Joshua Field: Creating a federal right to vote

  This week the Supreme Court struck down Section 4 of the Voting Rights Act, a vital piece of legislation that was widely hailed as the nation’s most effective civil rights law. Shelby County, Alabama, had challenged the law, arguing that it was unconstitutional to require “covered” states and localities with a history of voter discrimination to get permission or “preclearance” from a federal court or the Justice Department before changing voting procedures.

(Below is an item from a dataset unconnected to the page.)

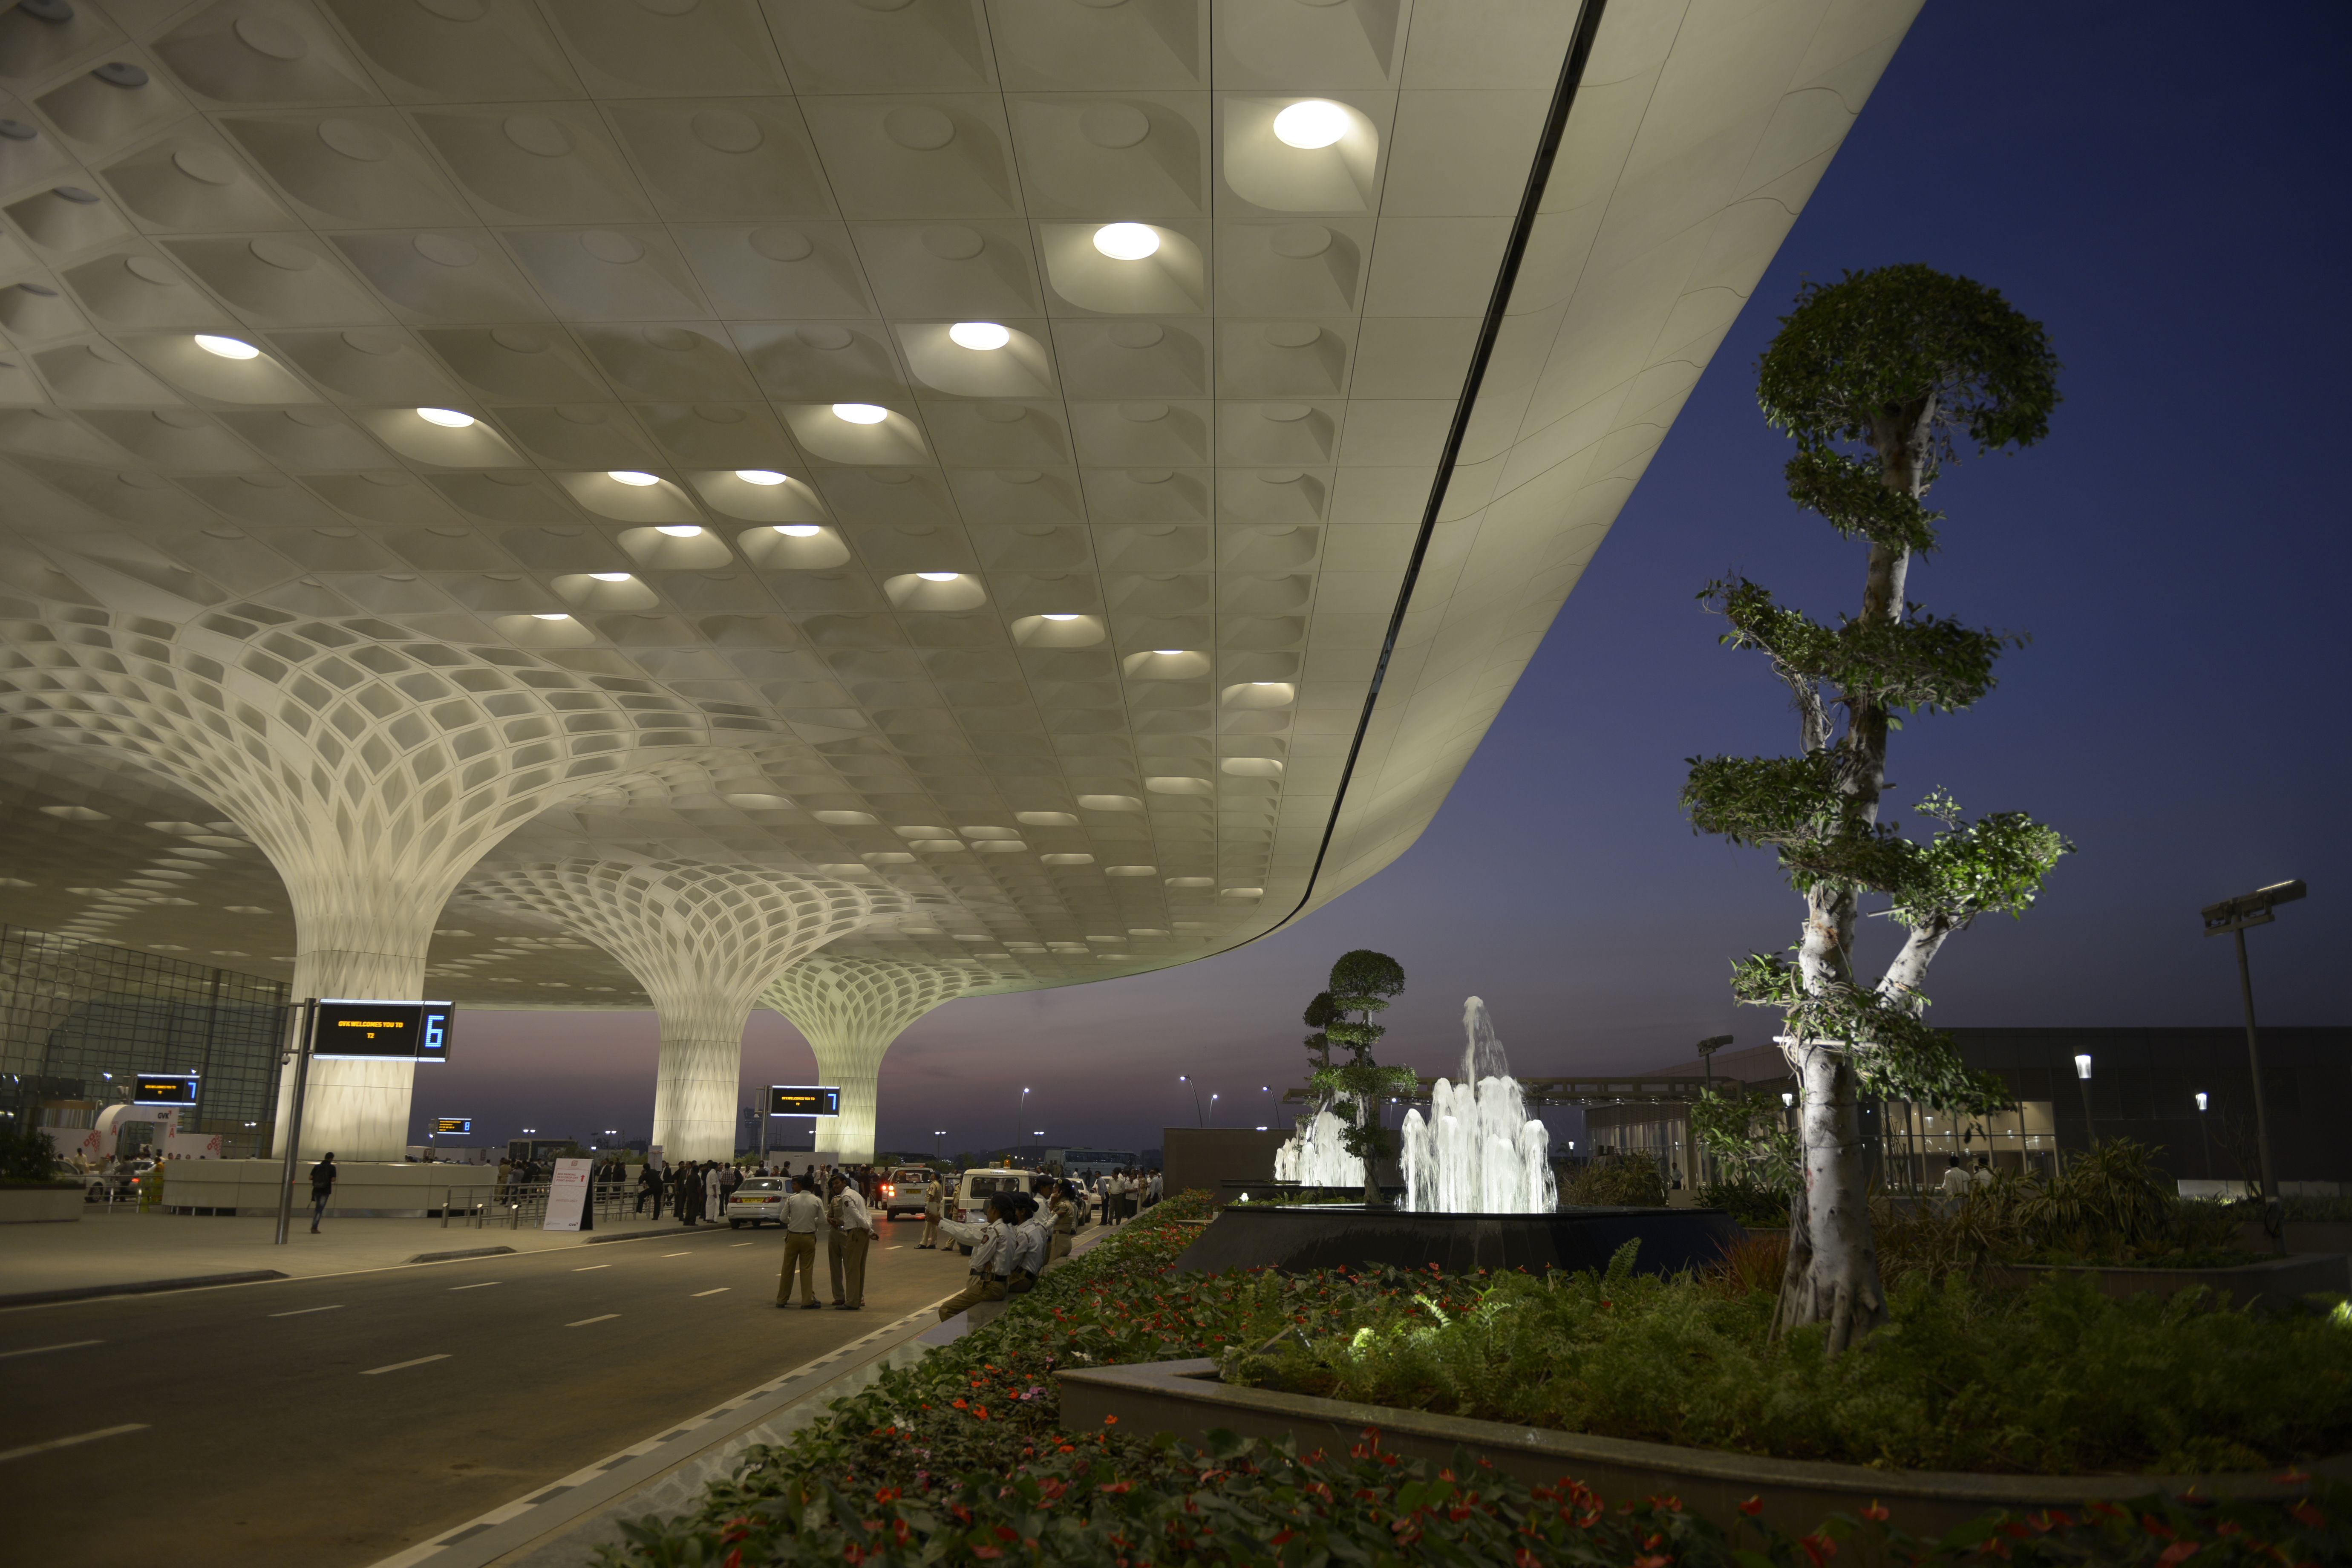 Mumbai Airport terminal 2

  In a 5–4 decision, the High Court gutted a law that was renewed by Congress just seven years ago, and has protected voters from—among other acts of discrimination—purposeful vote dilution, overly restrictive voting procedures, and voter intimidation. The Court held that the formula that identifies the states and localities that are required to “pre-clear” their voting procedures and laws is unconstitutional and can no longer be used as a basis to subject those states and localities to oversight. Although the Court admits that “voting discrimination still exists,” its decision currently leaves voters with fewer protections against potentially discriminatory voting laws.

  The Court’s decision is clearly a blow for voting rights, but it also serves as a wake-up call for Americans to become educated about the lack of protections in place to combat voting discrimination. Even with the Voting Rights Act, lawmakers have played politics with state voting laws and imposed political ideology at the expense of disenfranchised Americans. We should consider what legal protections remain for voters, as well as what can be done to ensure that all eligible voters can freely and easily participate in our democracy. A vote cast in Miami, Florida, should carry as much weight—and be just as unconstrained—as one cast in Daniels County, Montana.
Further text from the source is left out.